In the house, one of the kids gets a hankering for a bottle of pop. A boy and a girl, Johnny and Sharon, venture out to the country store a few miles away, while another boy, Norman, sneaks off to the barn to check on the mummy.

In the barn, Norman sees the mummy's blanket moving! He runs back to the house to alert the others, who of course do not believe him. When they check out the barn, they find that the mummy is gone. They find only bandages, thought the mummy had previously appeared as a stone-covered humanoid.

The film follows the mummy, which is of course now a hairy bigfoot, as it stalks through the forest and growls.


In a scene cleverly paralleling the film-within-a-film opening of Curse of Bigfoot, we cut to a previously unknown character, a woman speaking on the phone. The bigfoot breaks through her window and attacks her. She screams!

The next day, Bill Wyman explains their predicament to the sheriff. It is clear to everyone that a mummified bigfoot from hundreds of thousands of years ago is rampaging through the forest and killing the townspeople.

Mr. Wyman sums up the problem: "The orange and lemon groves in this part of the country are so extensive, the thing could travel for miles and never leave the protection of the trees."

After much investigation of the fruit groves, there is more investigation of the fruit groves.

The sheriff and the school group eventually find a trail of broken branches and blood. But it is not ordinary blood. It is too dark in color. The sheriff explains that a man shot the creature with a hunting rifle last night. It must be wounded and bleeding. They plan to lure the creature out of the grove and into an open field.

Their plan--quite naturally considering it was developed by law enforcement, a high school teacher, and a professional archeologist--is to use meat scraps to lure the creature into the open, then burn it up with gasoline and a stack of hay bales.


The group waits and waits.

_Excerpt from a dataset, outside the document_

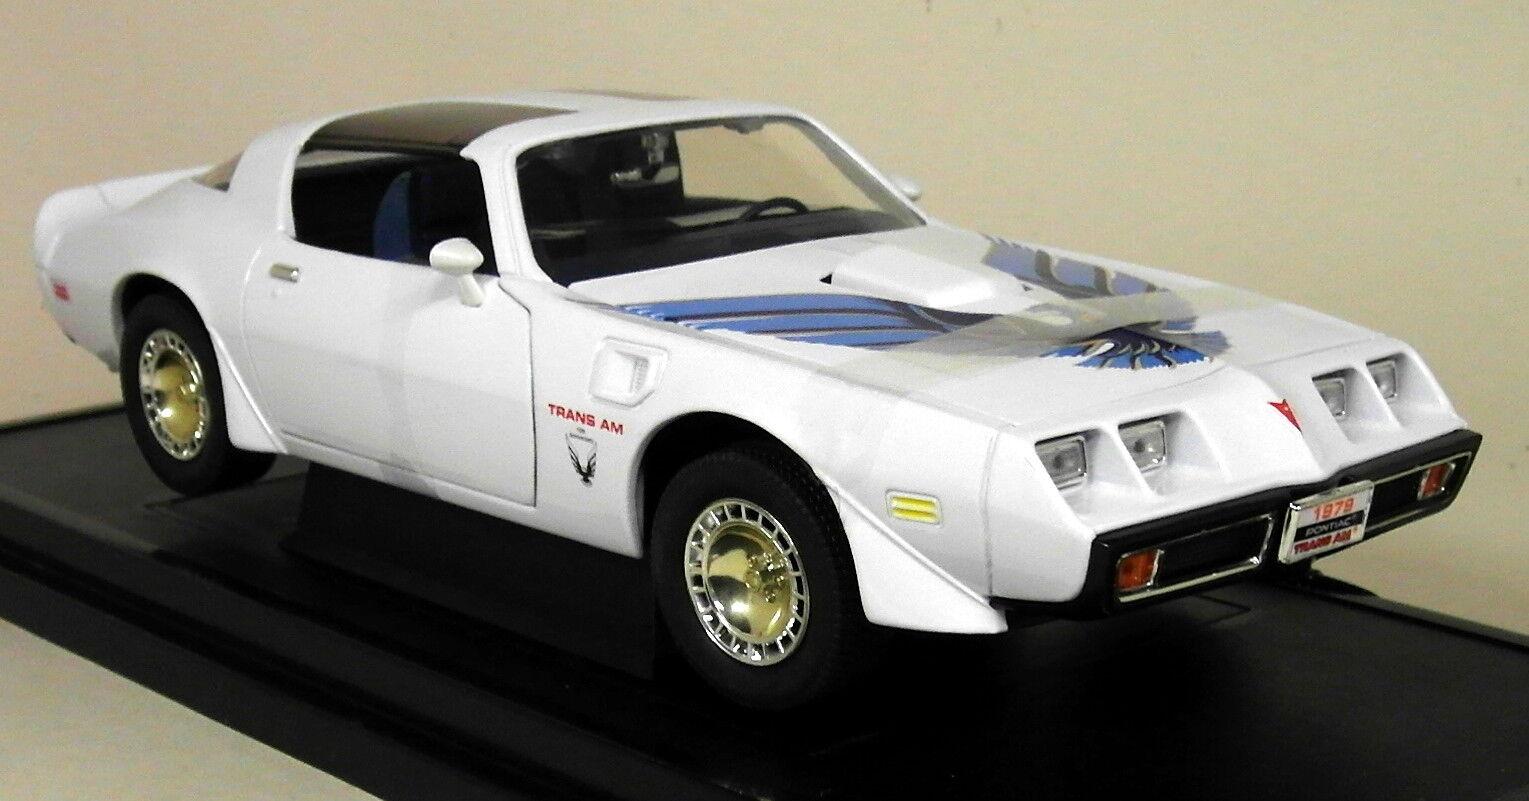 Road Signature 1 18 Scale 1979 Pontiac Firebird Trans Am White Diecast Model Car

After a half hour, they decide to wait another 20 to 30 minutes.

After 20 to 30 minutes, the sheriff investigates some movement behind some trees. Although the sheriff misses it, we see the mummy/bigfoot creature close up, and it is a sight to behold, with one eye swollen to the size and shape of a fried egg, no doubt due to the preservative gases in the cave.


The creature pounces on the sheriff, knocking him down.

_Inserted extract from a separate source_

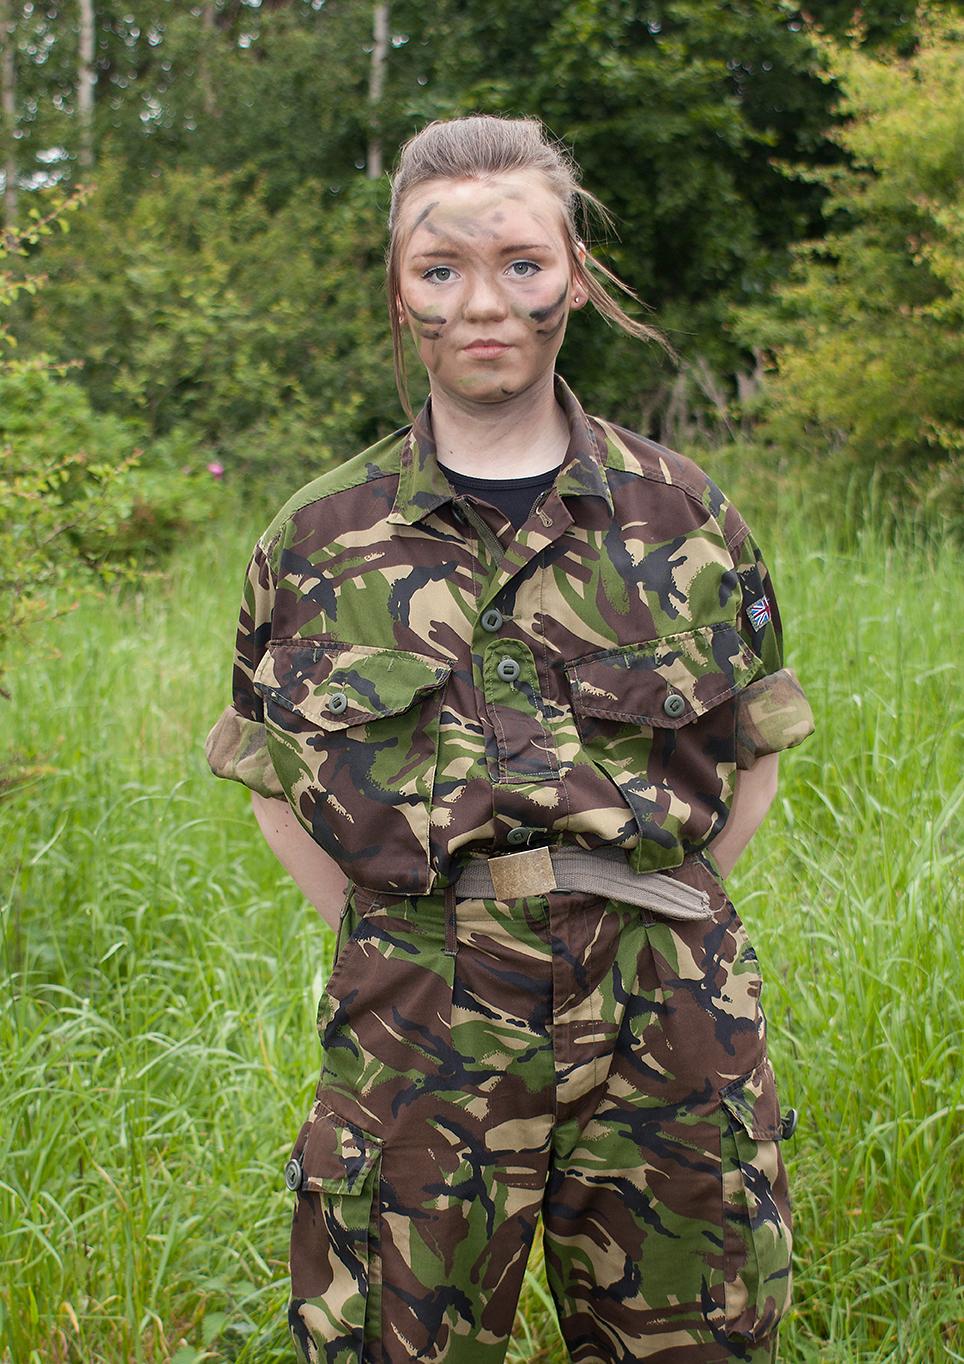 588019. Royal Marine Cadet

Failing to hear from the sheriff on their walkie talkie, the school kids run into the grove. They see the monster and douse it with gasoline, then set it ablaze.


The End.



Unfortunately, the film ends before it can make clear how three of the five high school students ended up in a mental institution. If Curse of Bigfoot has a flaw, it is that it ends too quickly. Perhaps a sequel would be warranted to explain the fates of the characters back in the 1960s, not to mention the characters in the 1970s.

Another minor flaw is that the audience never finds out what Hapnavi means.

It is also noteworthy that, like many celebrated bigfoot films, Curse of Bigfoot surpasses expectations in many ways. For example, the title of the film includes the word “bigfoot,” but the creature shown in most of the film is in fact a prehistoric mummy. This surpassing of expectations is reminiscent of Night of the Demon, whose title includes the word “demon,” but the creature in that film is in fact bigfoot.

Unlike some other films, particularly more recent films, Curse of Bigfoot has its characters act realistically when confronted with the unknown. When the students force their way into the cave and find the mummified remains, they do not give one thought to the preservation of the aboriginal culture or the safety of the artifacts. They simply break the mummy out of the cave and drop it into the bed of a pickup truck. Such behavior is much more realistic, and more exciting, than following bureaucratic rules about “cultural preservation” and such.

In the end, Curse of Bigfoot gives us a snapshot into the lives of 1970s high school students and the guest speakers who visit them, as well as a snapshot of clean-cut 1960s high school students and the teachers that educate then in the ways of archeology. These snapshots are timeless and priceless, allowing us to see in great detail how our ancestors lived. In a way, this film is an archeological site in itself, a treasure trove of past behaviors that is just as fascinating to watch today as it was in the 1970s, perhaps even more so.